On September 18, Microsoft (MSFT) announced its latest dividend increase. Microsoft is set to pay a 23-cent dividend on December 13, for shareholders of record on November 15. Microsoft's new payout is a 15-percent increase above the prior quarter, when the company paid out a 20-cent per share dividend. These moves come in the aftermath of dividend increases from Silicon Valley titans Cisco (CSCO) and Intel (INTC). The favoritism towards income payouts instead of retained earnings is a sign of the times. Following the late 90s-Y2K boom, the personal computer and its underlying Web 1.0 infrastructure are now commodities.
Microsoft offers a 2.95% dividend yield. This performance is actually competitive, considering the fact that financial markets are dealing with accommodative monetary policy that is to last indefinitely. Adjusted for inflation, real returns on fixed income investments are now less than zero. Microsoft is a beta stock that will track the S&P 500 Index and make regular dividend payments. For the sake of comparison, the Apple Corporation (AAPL) is an alpha investment that consistently outperforms the major indices. As an alpha business, Apple's iPod, iTunes, iPad, and iPhone ecosystem sets the financial standard. Behind Windows 8, Microsoft is now a conservative beta follower attempting to copy success of the Apple Way. In Wall Street parlance, however, the easy money has already been made.
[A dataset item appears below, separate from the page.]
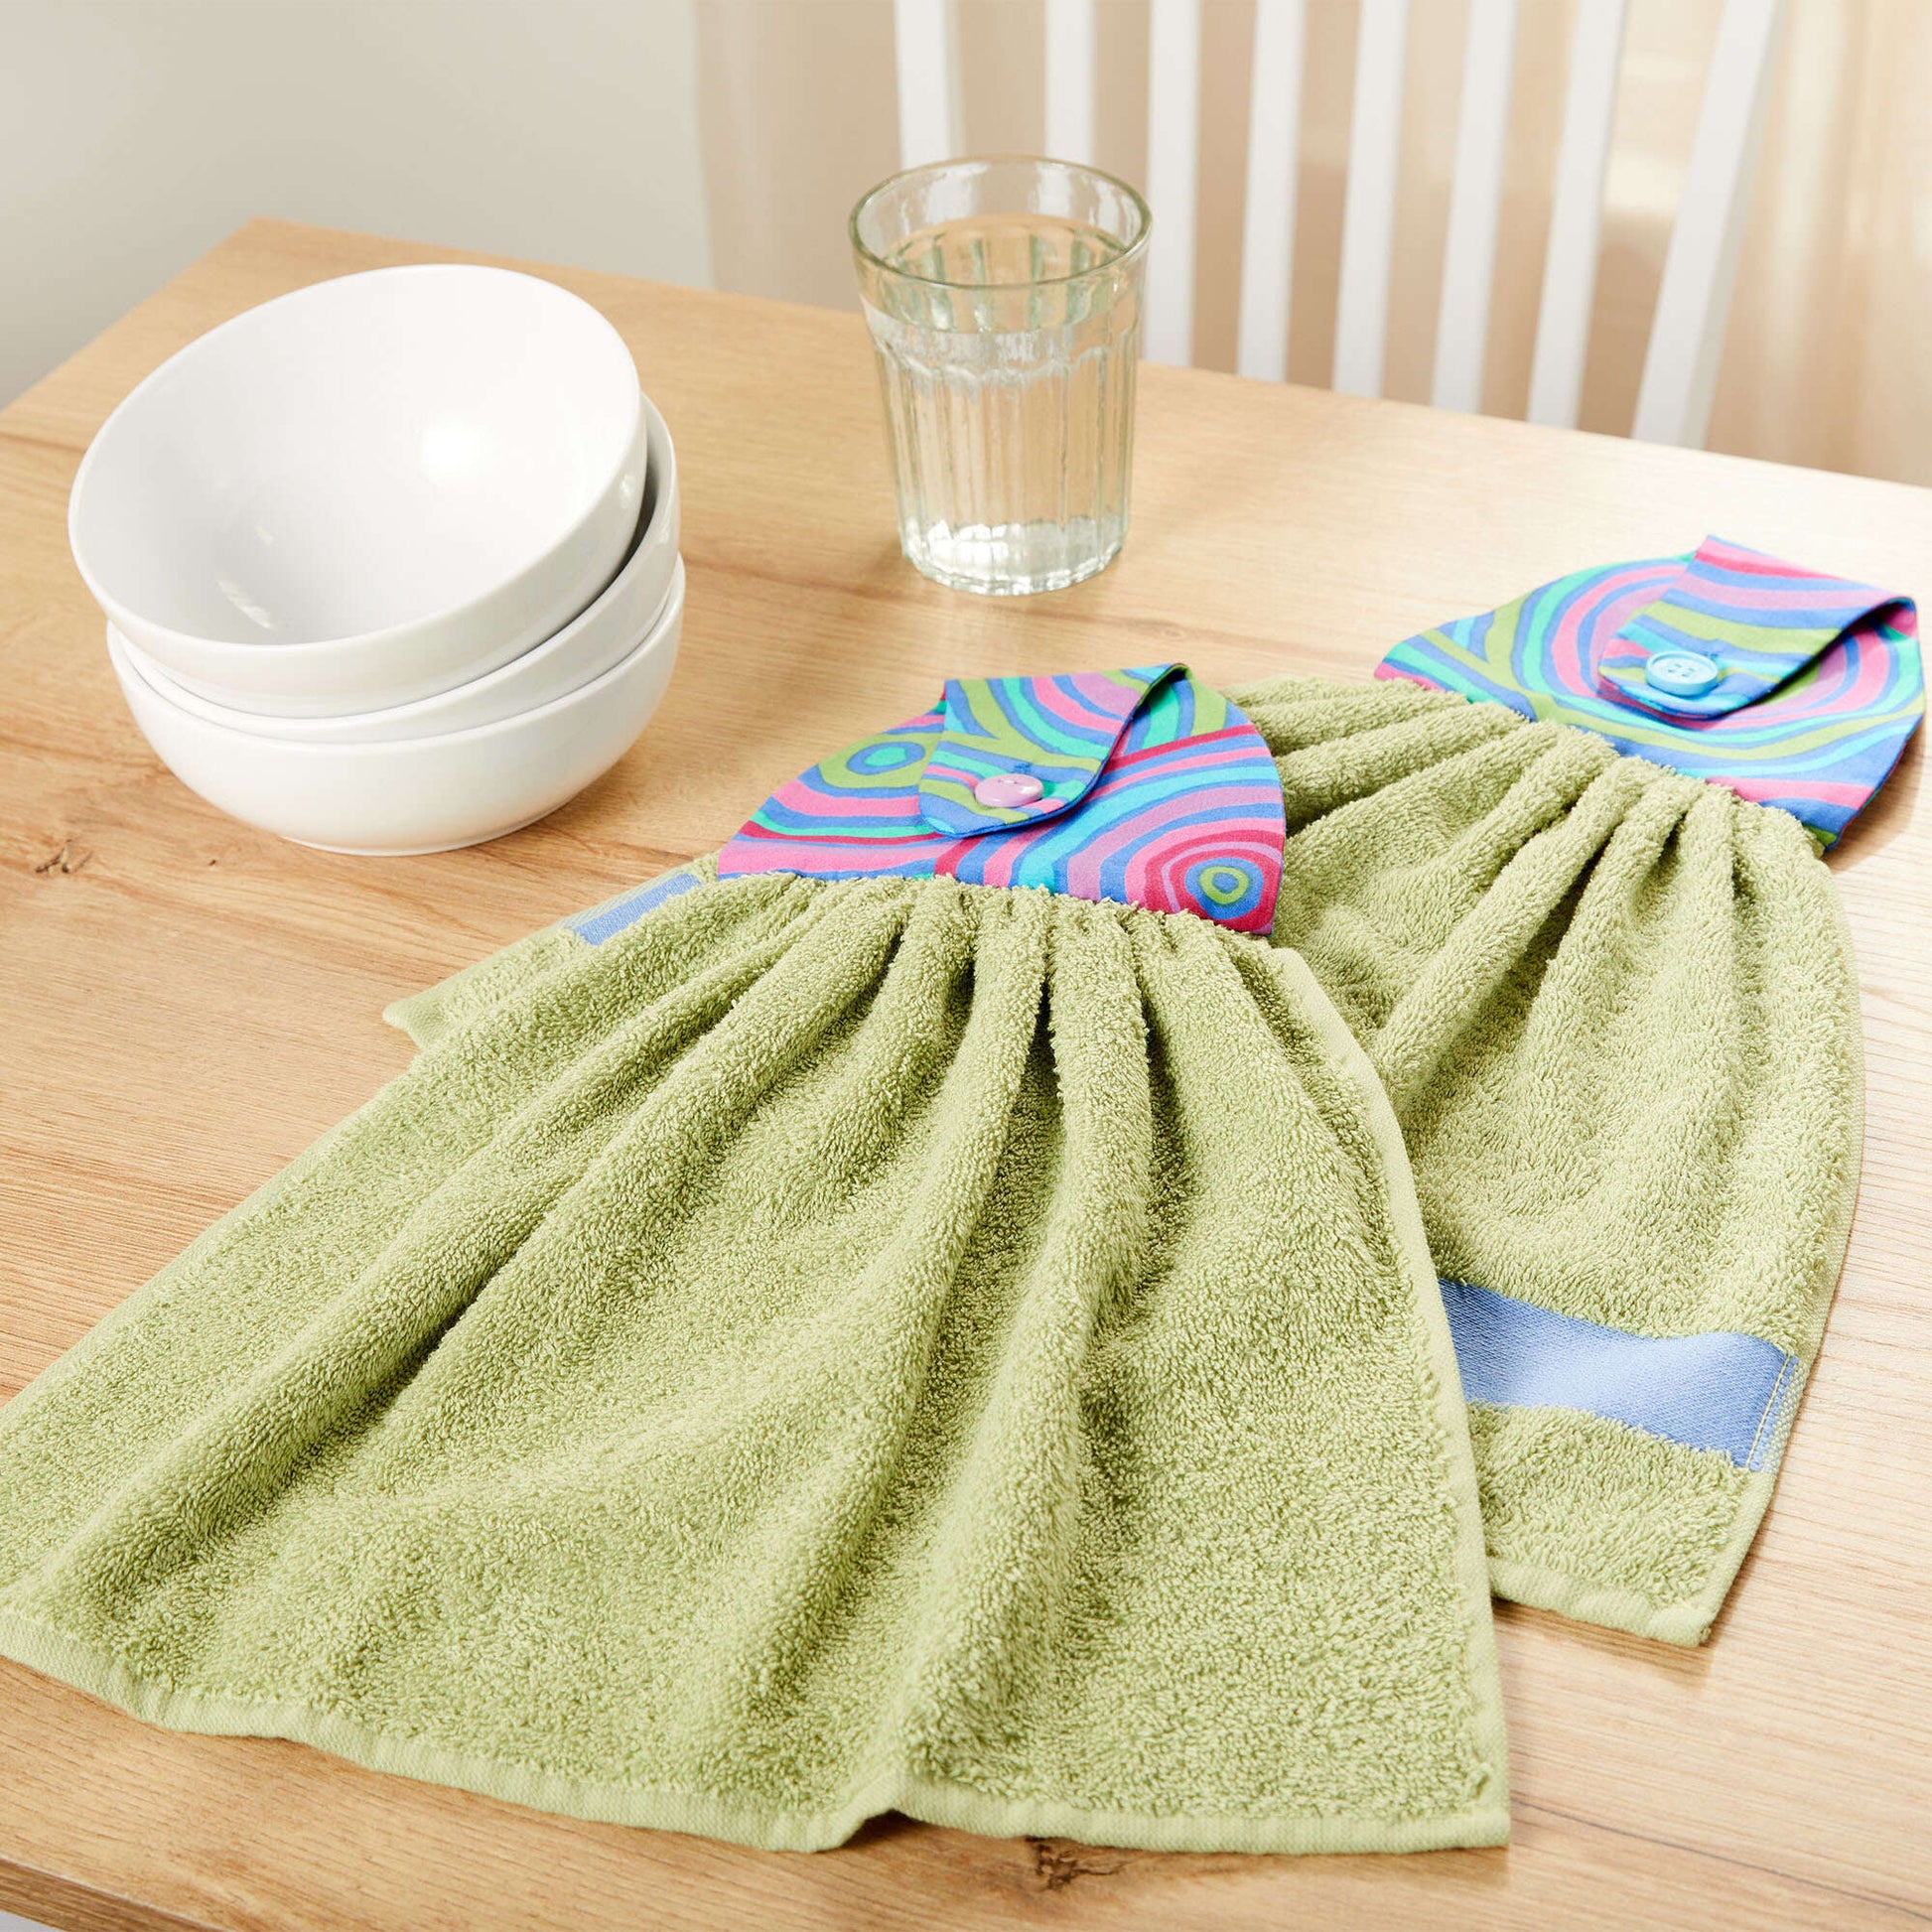 Free Coats & Clark Towel Tabs Sewing Pattern

Ironically, Charlie Sheen may describe conservative income investing as "winning." Despite the looming Windows 8 release, Microsoft shareholders in the market for a long-term outperformance will be disappointed.
The Federal Reserve Board
Earlier this month, Ben Bernanke and the Federal Reserve Board detailed plans for a third round of quantitative easing. This latest stimulus package calls for The Federal Reserve to purchase $40 billion in mortgage-backed securities every month. Taken together with Operation Twist, Annalyn Censky and CNN Money report that QE3 will add $85 billion in long-term bonds to the already bloated Federal Reserve Balance sheet each month. At present, The Fed commands a $2.8 trillion balance sheet, while the federal funds rate remains effectively zero. Paul Volcker, former Chairman of The Federal Reserve, describes QE3 as the "most extreme easing of monetary policy" that he has witnessed.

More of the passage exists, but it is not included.